Professor Jack Beermann has spent the last few years working with Chinese legal scholars to help reform the country’s administrative laws.
Jack Beermann has become deeply involved in an international conversation over the reform of China’s administrative law. The Harry Elwood Warren Scholar and professor of law has traveled to the country several times to attend conferences, roundtables, and forums, joining with an international community of administrative law scholars as they help China ease some of the tension created by its complex administrative system and combat the corruption that has stemmed from that complexity.
Administrative law reform is a long and arduous process for any country, let alone one of the largest and most rapidly growing countries in the world.

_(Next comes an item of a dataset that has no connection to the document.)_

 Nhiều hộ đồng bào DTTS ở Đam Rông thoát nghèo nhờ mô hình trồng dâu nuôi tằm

For China, the push began more than a year ago, and, Beermann notes, will likely take another several years to achieve.
Professor Beermann’s involvement began when he attended the International Workshop on the Reform of Administrative Approval System and Government Regulation in August 2013. Sponsored by Zhejiang University but held in Beijing, the conference’s mission was to recommend ways to improve China’s slow and complicated licensing and permitting system. Beermann notes that it often takes upward of fifty permits to open a new business. The process is long and expensive, and ultimately hinders economic growth. Further, it often leads to corruption. “Anyone who touches a permit application has the potential for corruption,” Beermann says. “And the problems begin there and move into the social sphere; when illegal businesses open to avoid the permitting system, it leads to unregulated and often unsafe working conditions. Workers often move into the larger cities to work illegally, meaning their children miss out on social benefits like public education because their parents can’t register as having a legal job. Often, the children remain home with grandparents while their parents work in distant cities.”

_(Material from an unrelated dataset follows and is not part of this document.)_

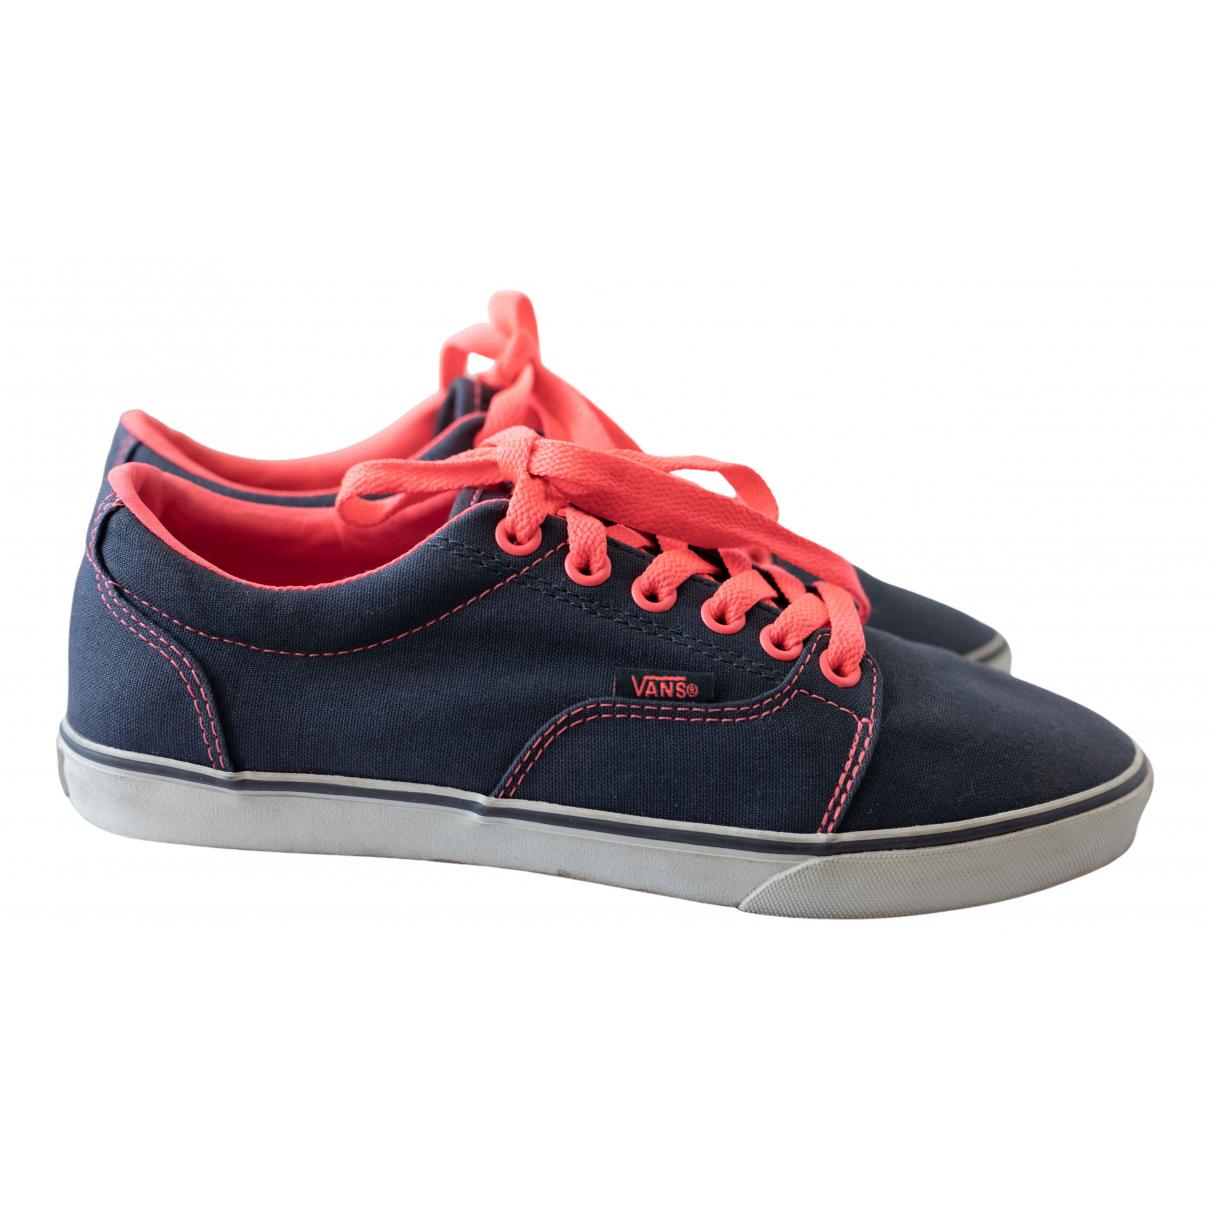 Vans \N Espadrilles in  Marine Denim - Jeans

Beermann has argued that, rather than making it difficult to obtain a permit to start a business, the Chinese government should channel its resources into creating safe working environments, producing safe and healthful foods, and improving the quality of the drinking water. His paper from that conference was included in a report delivered to the Chinese government, which shortly after announced reforms to the permitting system.
It was a step in the right direction for a government that is reluctant to reform. “The current administration is very anti-corruption,” Beermann says, “even as it strictly polices the freedom of speech of its journalists, scholars, and political dissidents.” Under such pressures, academics have become a strong source for new ideas to reform Chinese law. “It’s much safer for a legal scholar to speak out about what’s wrong with the system than it is for a political activist to do so,” Beermann says. “The academic setting has become a safer space to discuss theories of legal reform, so many of the new ideas being implemented have come out of conferences and workshops on the subject.”
In June 2014, Beermann returned to Beijing to attend the Sino-US International Conference on Administrative Law, organized by the China University of Political Science and Law (CUPL) and the China Administrative Law Group (CALRG). The conference was hosted by eminent Chinese legal scholars Ying Songnian, emeritus professor at CUPL and former chair of the CALRG, and Ma Huaide, vice president of CUPL and current chair of CALRG. Professor Ma, a well-known and respected scholar of administrative law, studied American Administrative Law with Professor Beermann at BU Law as a visiting scholar in 1995.
Professors Ying and Ma organized the conference to provide the government with suggestions on how to reform China’s Administrative Litigation Law (ALL), the law that citizens use to sue the government for violations of its own statutes and rules. Beermann notes that as currently structured, the ALL has not been effective at enforcing limits on administrative power or curbing official abuse of governmental power. As is it, he says, many claimants are convinced—one way or another—to drop their cases against the government. “One great difference between Chinese and American administrative law,” Beermann says, “is that in China if an agency issues a rule, you cannot challenge the rule; you can only challenge how the rule is applied to you. And even if the court agrees and concludes that the rule is illegal, the court cannot declare the rule invalid.” Beermann notes that much of the discussion at the conference, including his own presentation on standards of American judicial review, focused on whether the administrative litigation law should allow courts the power to strike down rules.
In the United States, Beermann is working with the Administrative Conferences of the United States (ACUS), a federal government agency, to aid its efforts in improving administrative systems both domestically and abroad. Beermann recently joined representatives from ACUS, as well as federal judges, academics, and officials of the Environmental Protection Agency, the Department of State and the Department of Commerce to discuss how the group can coordinate more directly with the Chinese government in its administrative law reform.
There has been progress in China, and Professor Beermann is cautiously optimistic that the country will move its reform in the right direction over the next few years. However, he still has his doubts. “Closed systems of government breed corruption, cronyism, and favoritism at all levels,” Beermann says. “The puzzle of China is whether a country can move toward rule of law and build a free economy, but not have a free political system.”
It may take years to answer that question, but Professor Beermann will be there to find out.